Work item — The answer must restate the listing word for word, without its images.

Collected material —
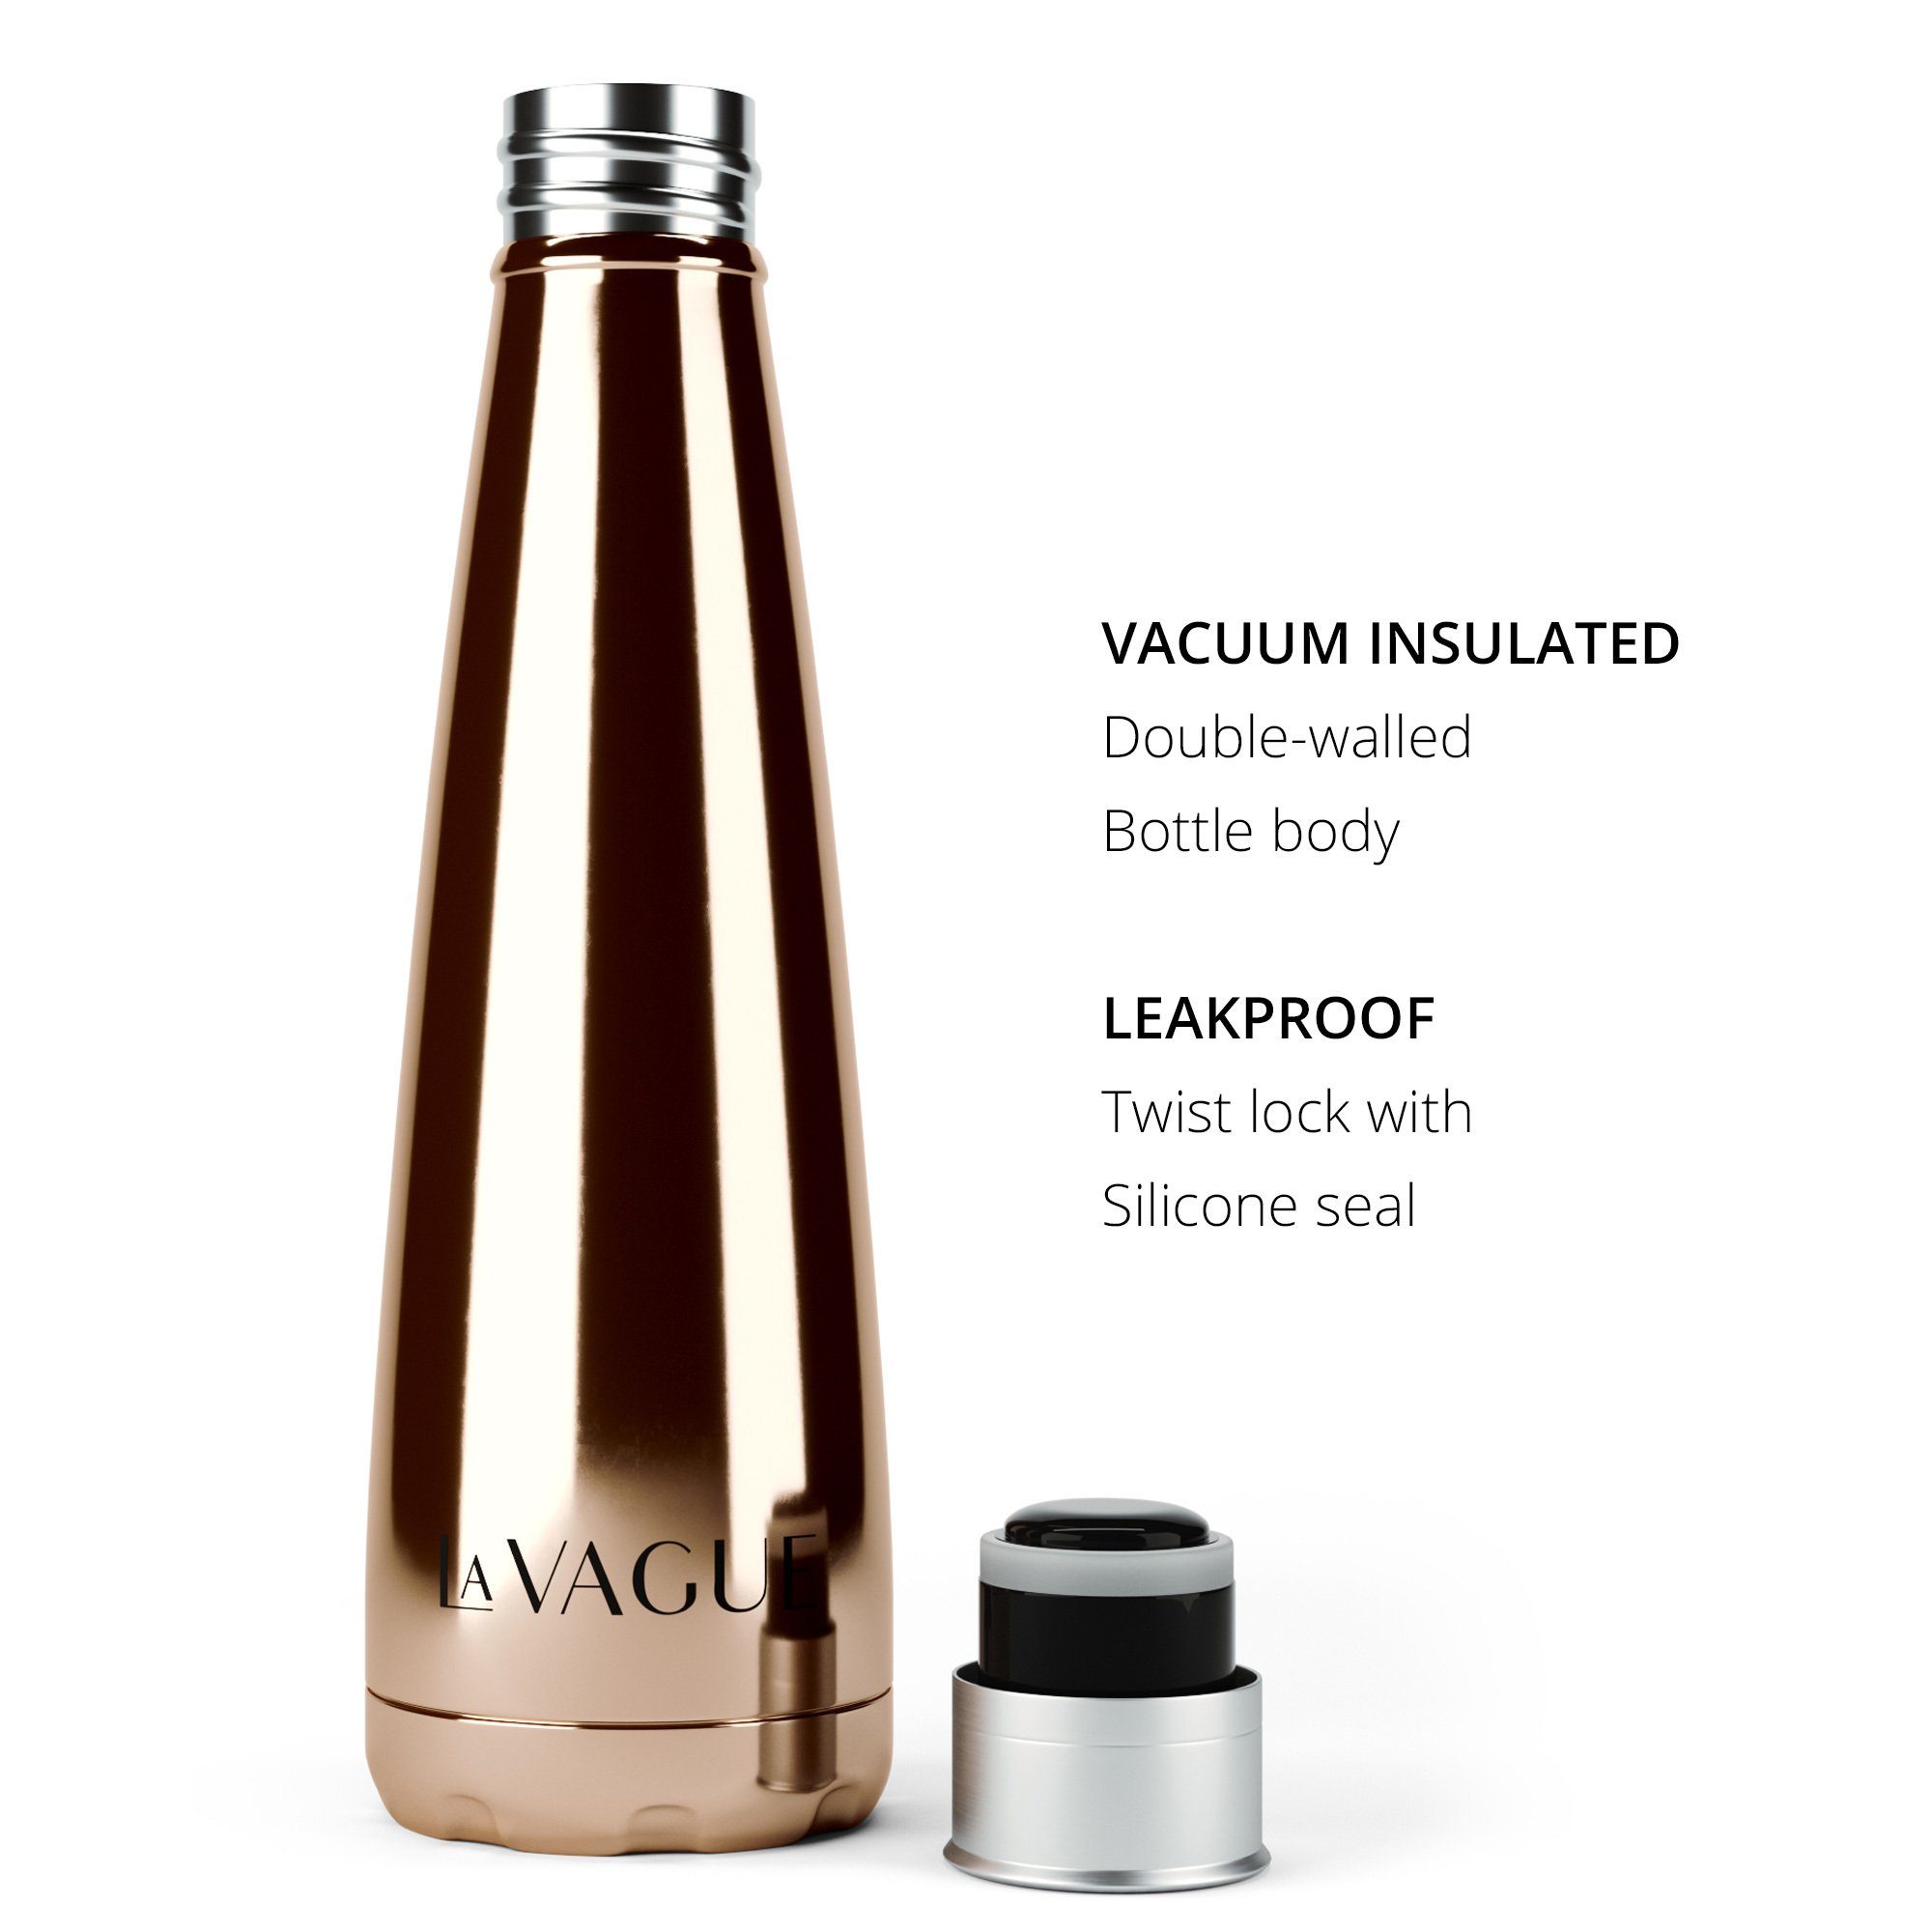 VAGUE Edelstahl GRAVITY edelstahl-isolierflasche, aus LA Wasserflasche Doppelwandige Isolierflasche kupferfarben
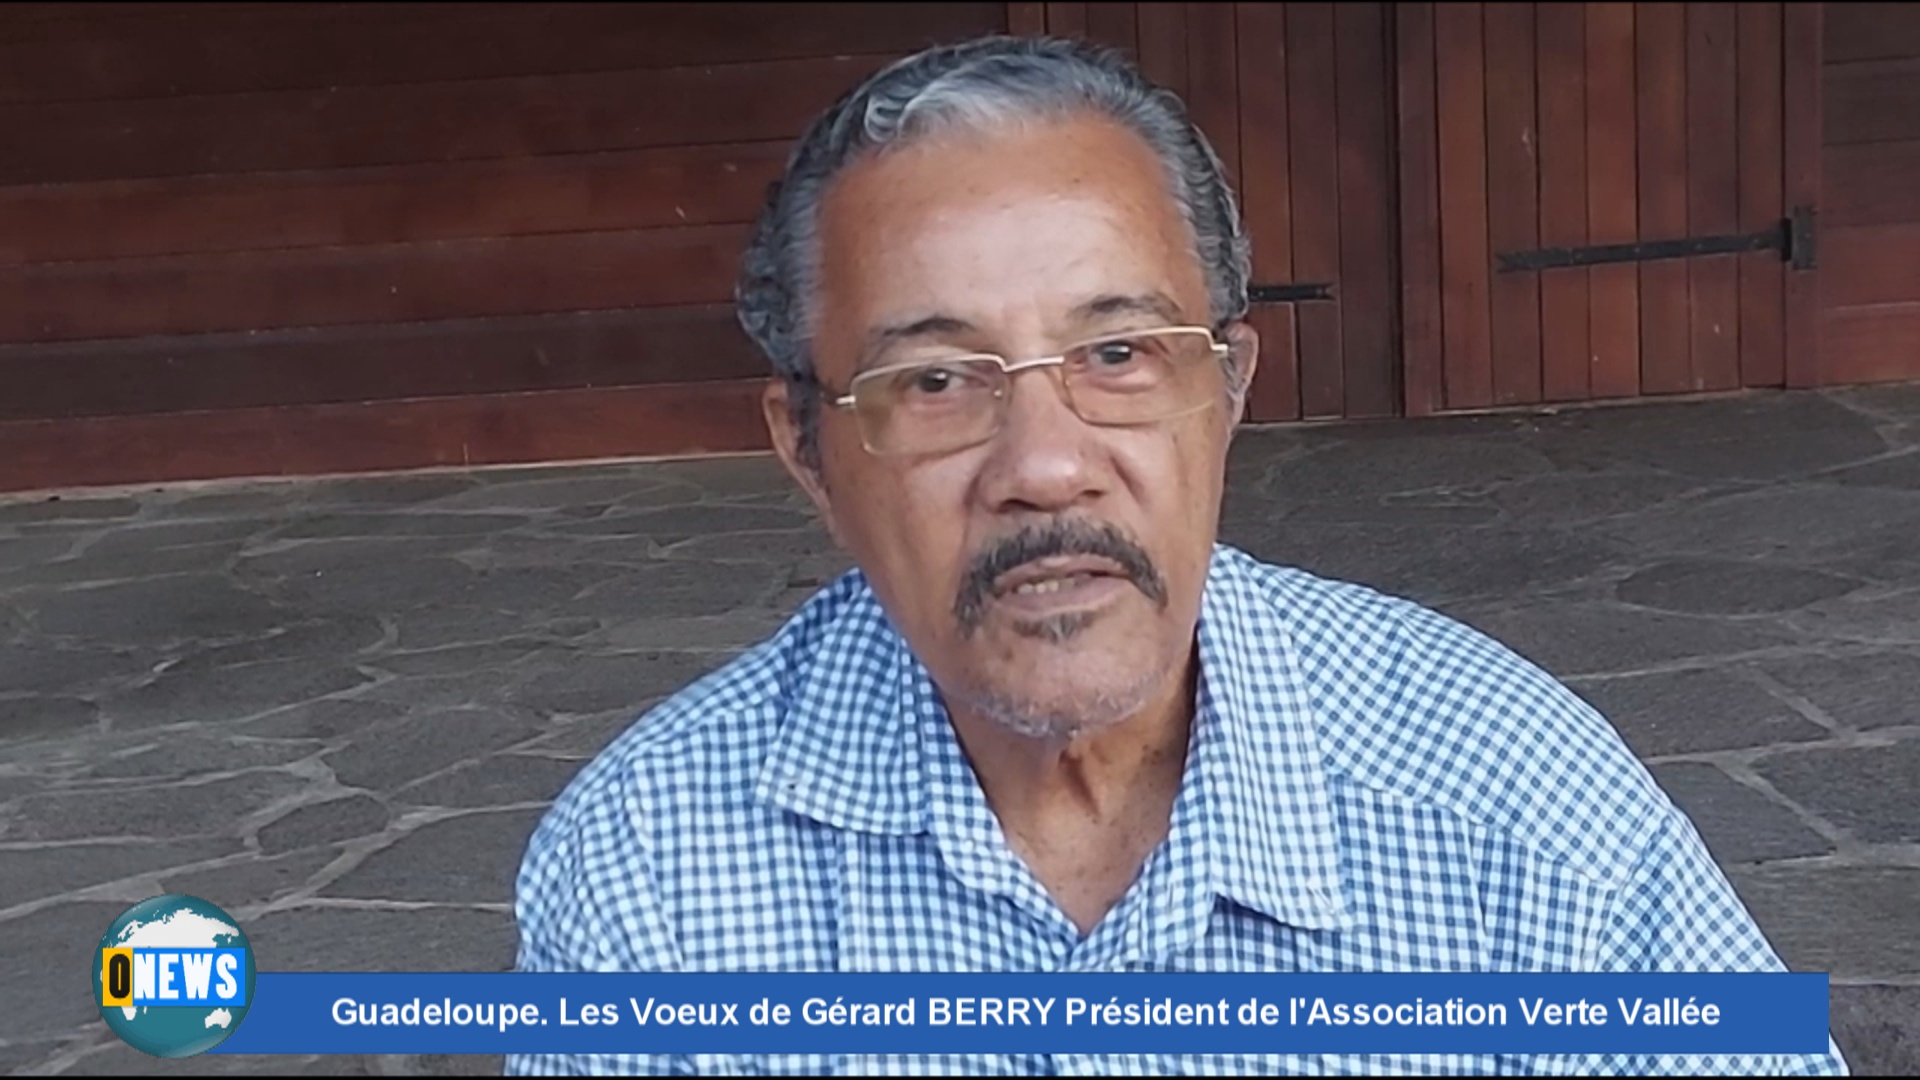 [Vidéo] Onews Guadeloupe. Les Voeux de Gérard BERRY Président de l’Association Verte Vallée
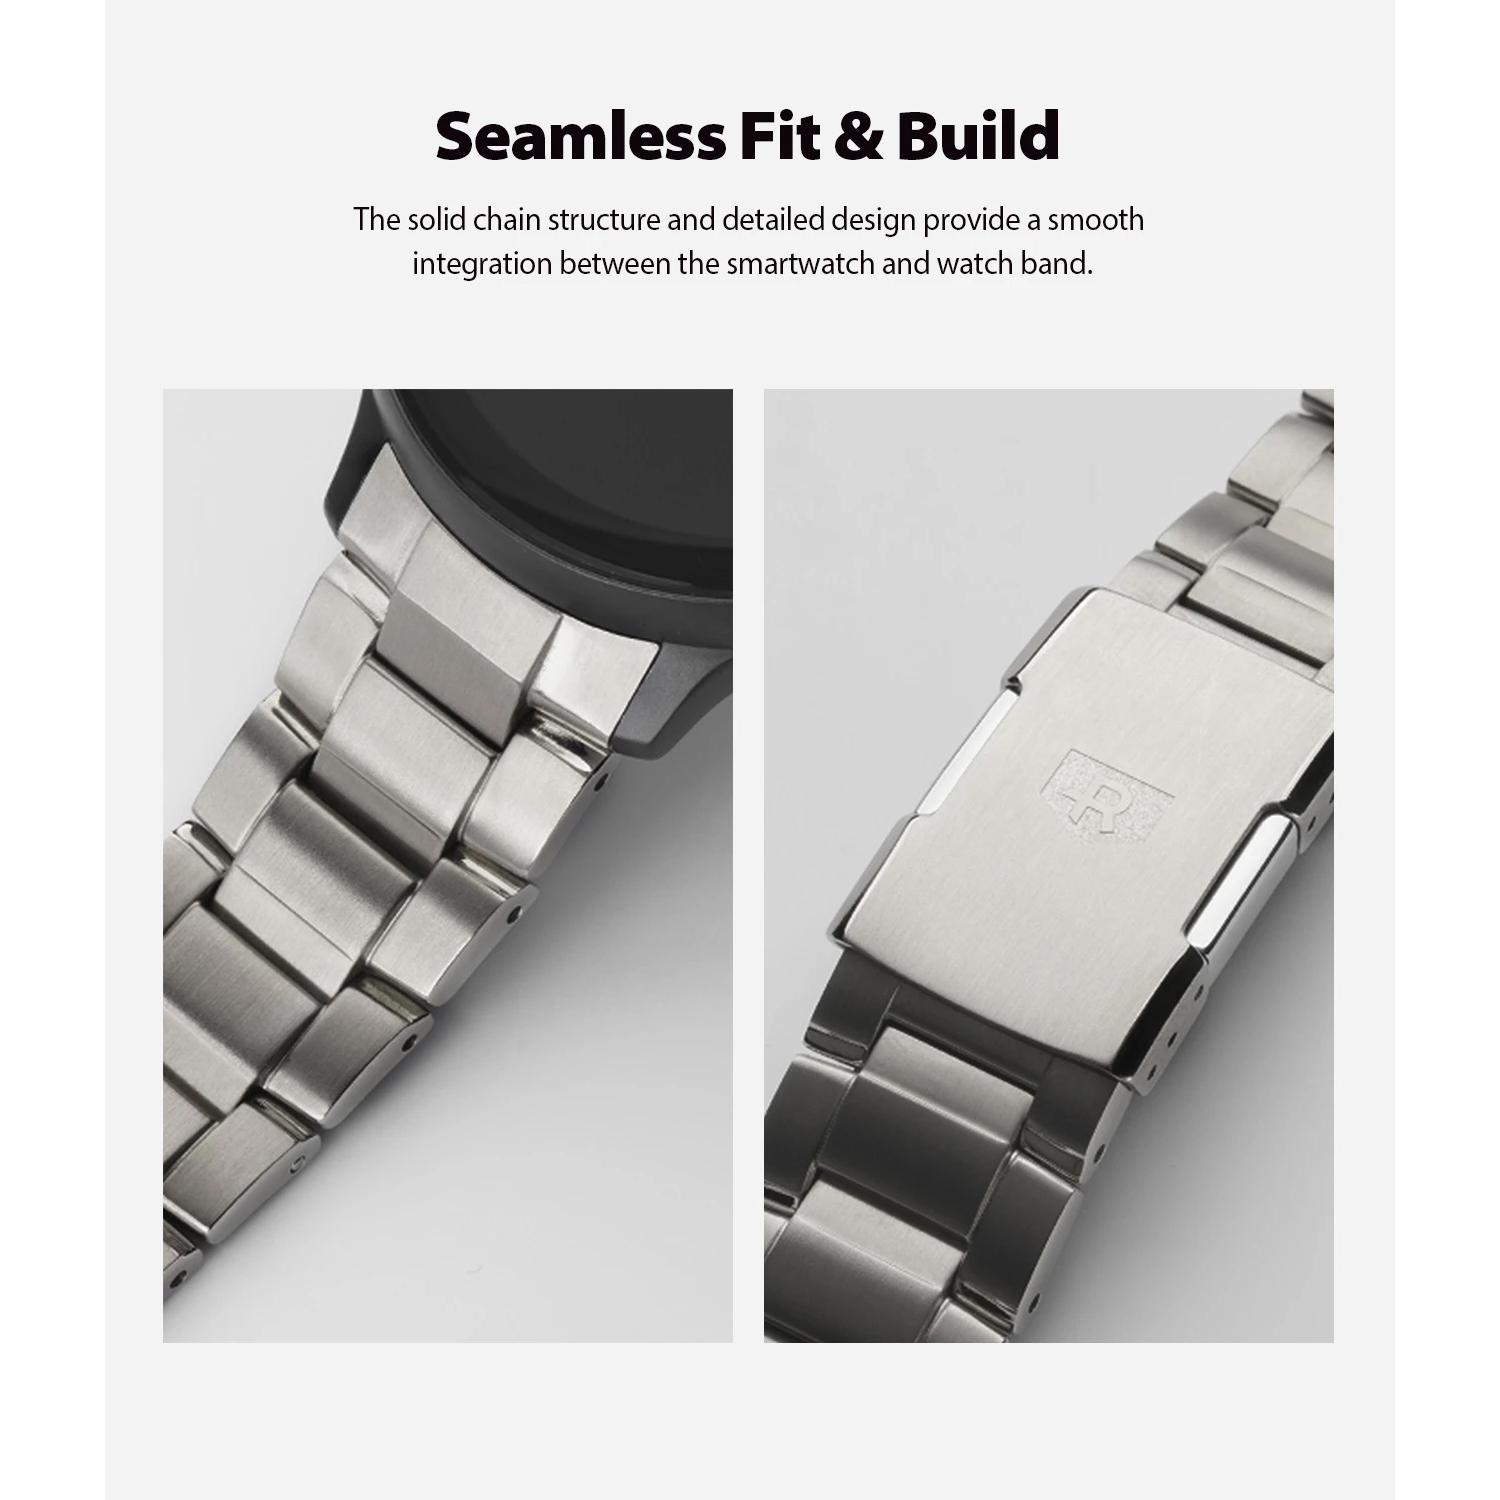 Metal One Titanium Bracelet Samsung Galaxy Watch Active 2 44mm Argent

Solved exercise —
 VAGUE Edelstahl GRAVITY edelstahl-isolierflasche, aus LA Wasserflasche Doppelwandige Isolierflasche kupferfarben
 [Vidéo] Onews Guadeloupe. Les Voeux de Gérard BERRY Président de l’Association Verte Vallée
 Metal One Titanium Bracelet Samsung Galaxy Watch Active 2 44mm Argent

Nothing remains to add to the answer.